Первое. Выйти на контакт с представителями государства из лиц, имеющих максимум полномочий, и только после этого предъявлять доказательства появления из будущего, в цейтноте немецкого наступления, пока их не потрогают рукам, мне никто не поверит. В такого рода новости никто на слово не поверит, пока доказательства руками не пощупает. Соответственно мне нужен был выход прямо на армейский или фронтовой штаб или, как минимум, на командира дивизии, способного нас туда представить без лишних расспросов, дабы никто не решил, что он рехнулся или совершил предательство, таща под прикрытием безумной утки к штабу армии вражеских диверсантов.
Второе. Под влиянием момента я решил спасти жизни встреченных мне людей. Я не знал, природный ли феномен был виноват в моем переносе, или постарался чей-то разум, но внезапно я не захотел, чтобы коровинские школьники столько лет ухаживали за братской могилой. Тем более что выполнение данных задач вполне можно было совместить. Спасение госпиталя было бы вполне веским доказательством нашей лояльности и гарантировало повышенное внимание к его спасителям.
Оборотной стороной данного решения было вступление в бой. Но я небезосновательно считал себя хорошим профессиональным солдатом, какими являлись и мои подчиненные, и полагал, что каждый человек, принявший присяг, знает, чем это может обернуться. Что же касается противника, то немцы на их чахлых «Панцерах» II, III и IV, не говоря уж о «Чехах» типа того, что я видел в Москве, при всем желании не могли составить конкуренцию такой могучей боевой машине, как БМД-4М. Даже не будь у меня в машинах и КамАЗах Петренко нескольких десятков «Арканов», на немецкие жестянки 100-миллиметровых осколочно-фугасных снарядов хватило бы с лихвой, а тех, что от них уцелели – добили бы тридцатки. В принципе с танковым полком у меня были шансы, с батальоном мне могло бы и не повезти, но любую немецкую танковую роту я мог бы размазать в один присест. Пехоту фашистов с ее маузерами в расчет можно было не принимать вообще, семьдесят лет технического развития – это совсем не шутка!

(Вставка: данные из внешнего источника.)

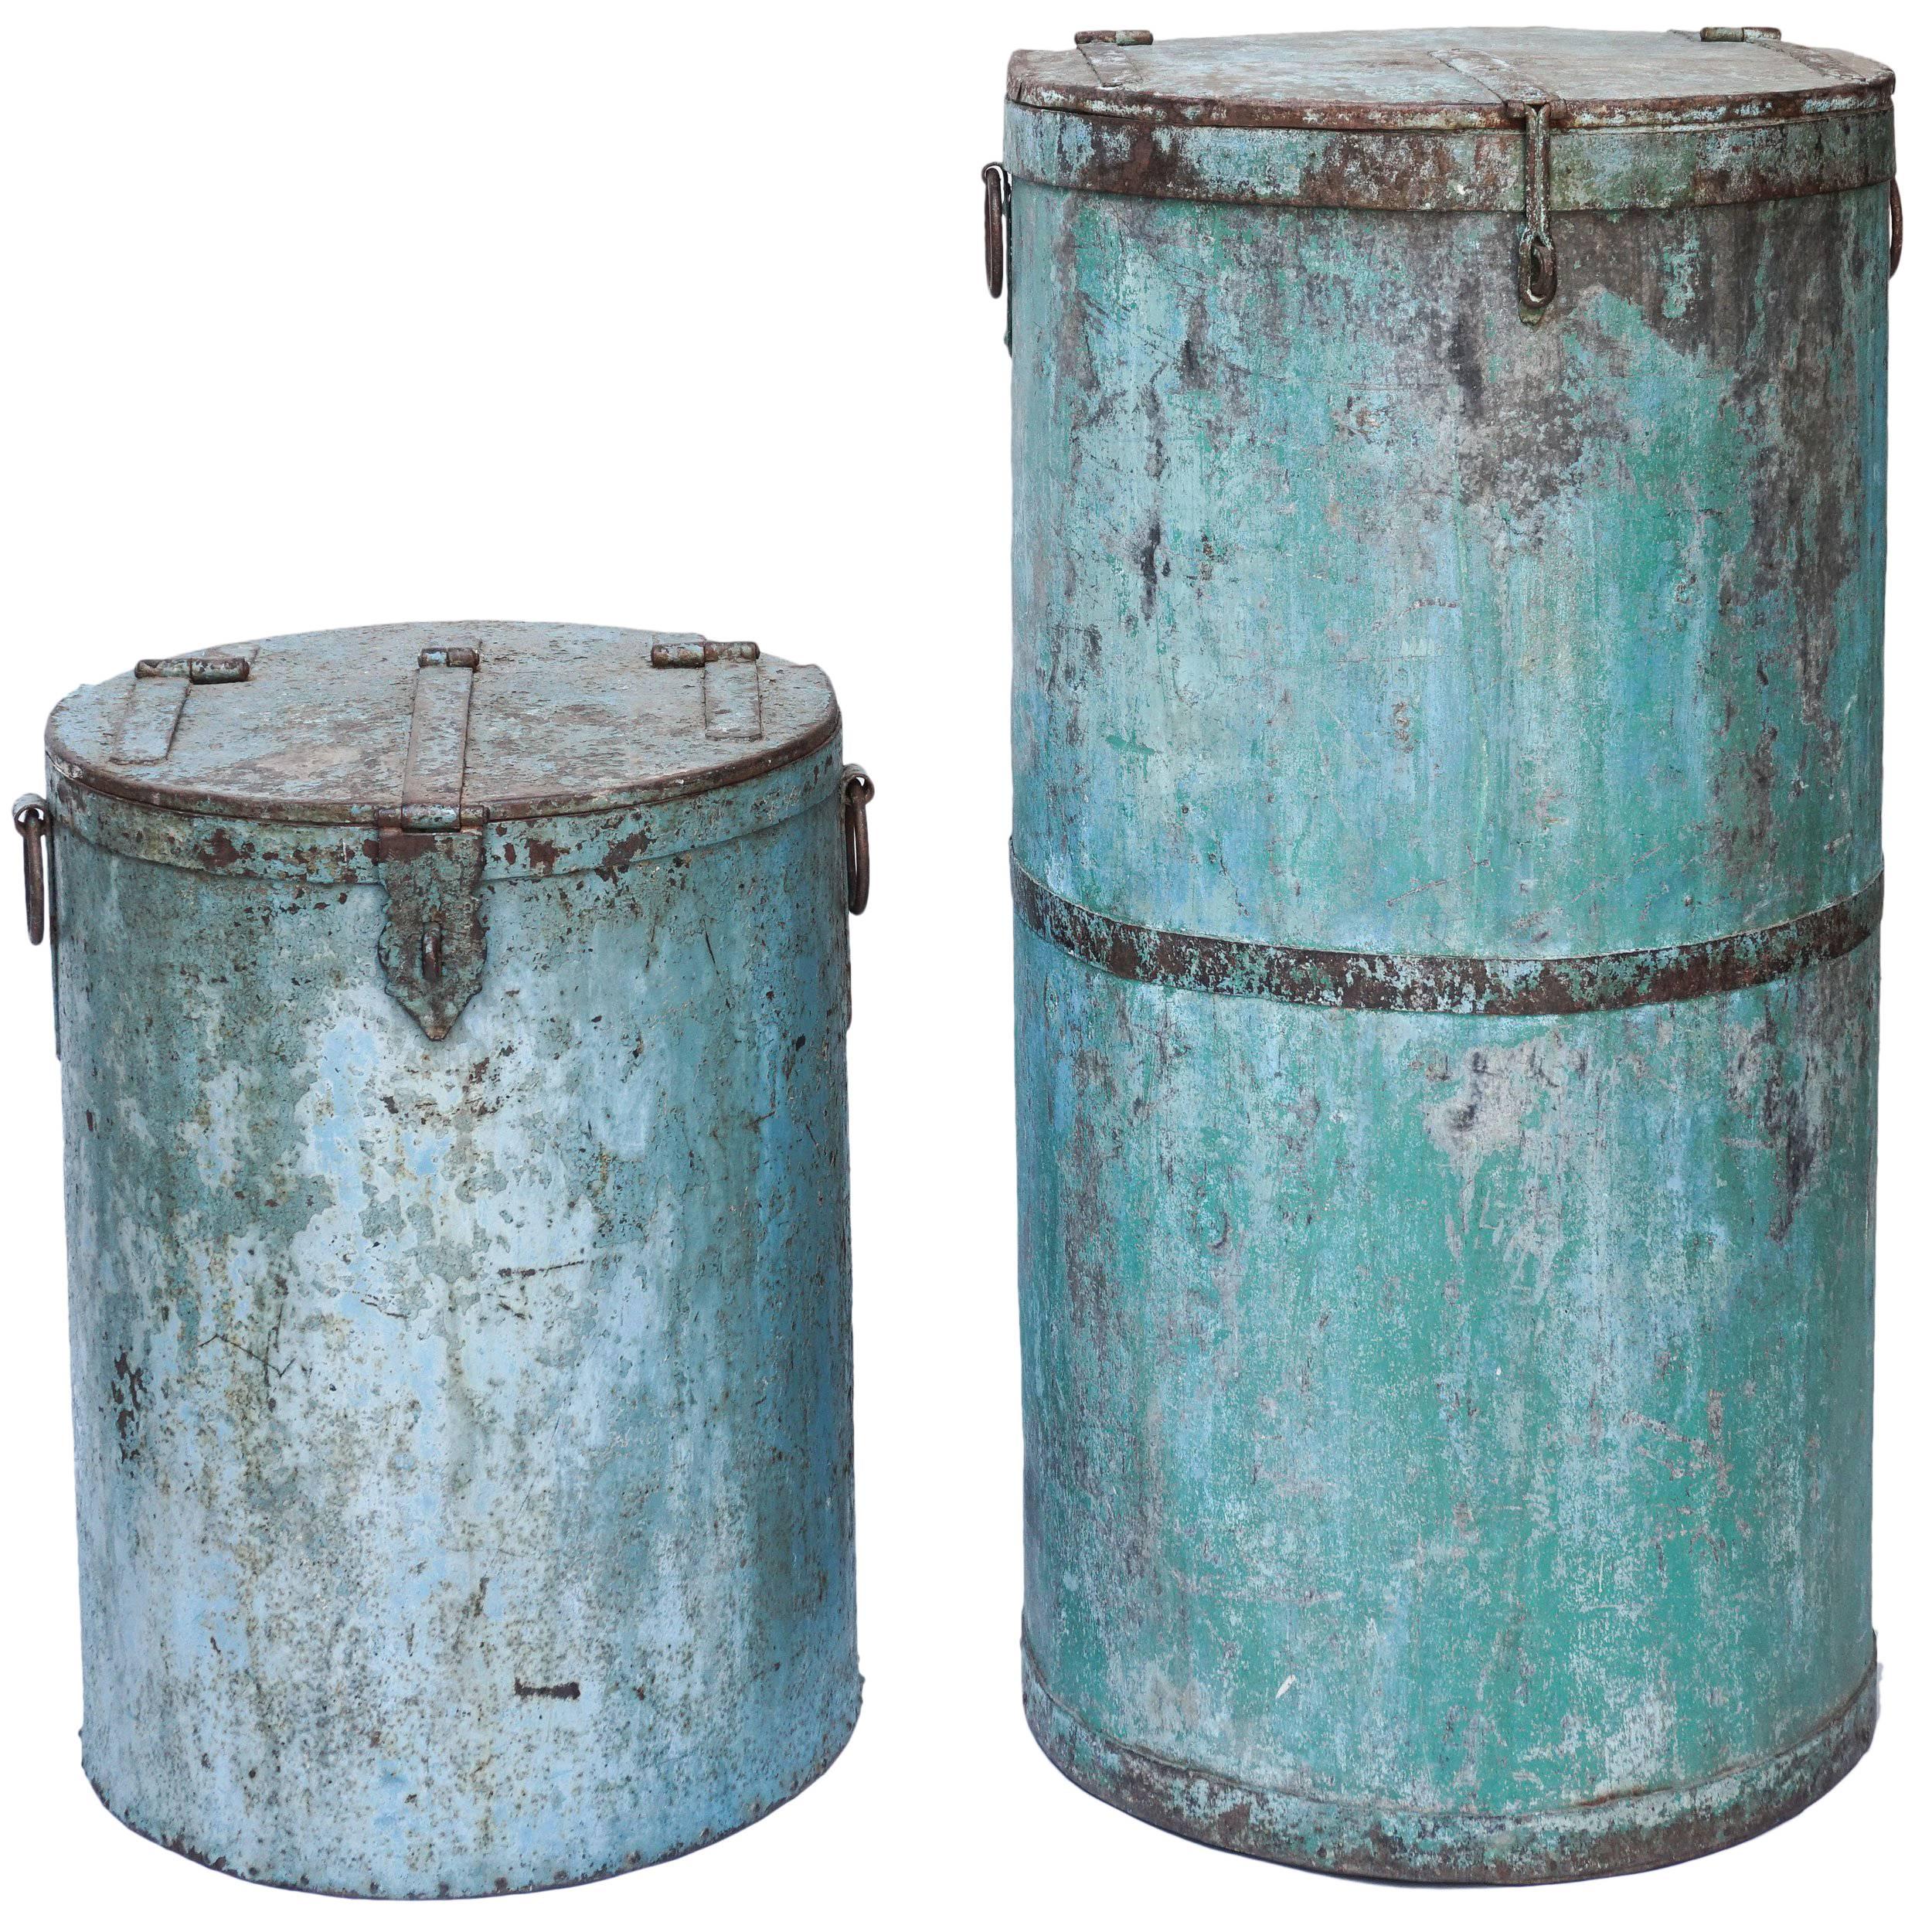 Two Large Vintage Metal Barrels

Но сейчас требовалось решить вопрос с эвакуацией госпиталя, пока не стало слишком поздно, и как было бы идеальным эвакуироваться вместе с ним.
– Потому что у вас собственных разведподразделений нет, возможно, про вас забыли, а еще возможно, что наверху про немецкое продвижение в данном направлении еще не знают, товарищ лейтенант! Леса вокруг, а доты в Себежском УРе [7] УР – укреплённый район. Себежский УР – часть так называемой «Линии Сталина», построенной по «старой» границе в 1920–1930-х годах.

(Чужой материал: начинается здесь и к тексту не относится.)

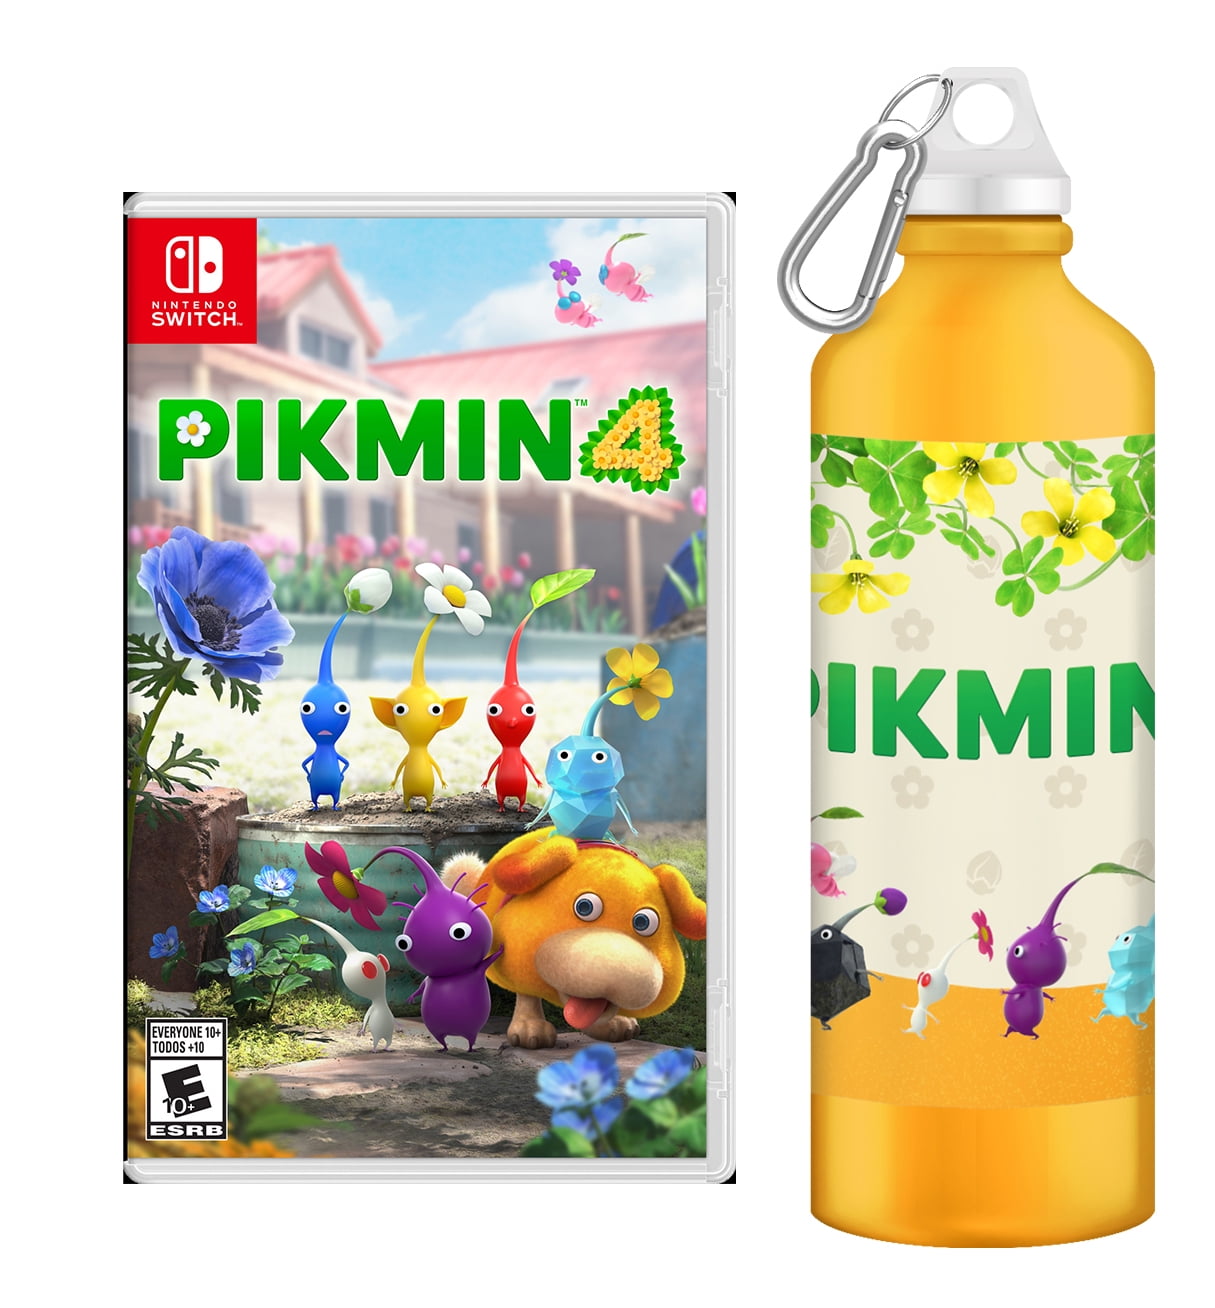 4 Nintendo - Pikmin Switch

бегать, закрывая прорывы, по ним не умеют. – С особистом я держался подчеркнуто сухо и независимо. Этой публике вообще нельзя давать себе на шею садиться, сейчас в особенности. Никогда не любил этот контингент, с тех самых времен, когда дядя Сережа за автоматные патроны мне уши крутил. А потом ещё и отцу накапал, чтобы он меня, как следует, ремнём выдрал. – Судя по тому, что вы ничего не знаете, наиболее вероятно, что штаб армии потерял управление частью соединений и не имеет достаточно достоверных данных о ситуации на нашем участке фронта. Прошу информацию ему об этом довести и требовать эвакуации. Я со своими людьми, ради ваших раненых, ее прикрою.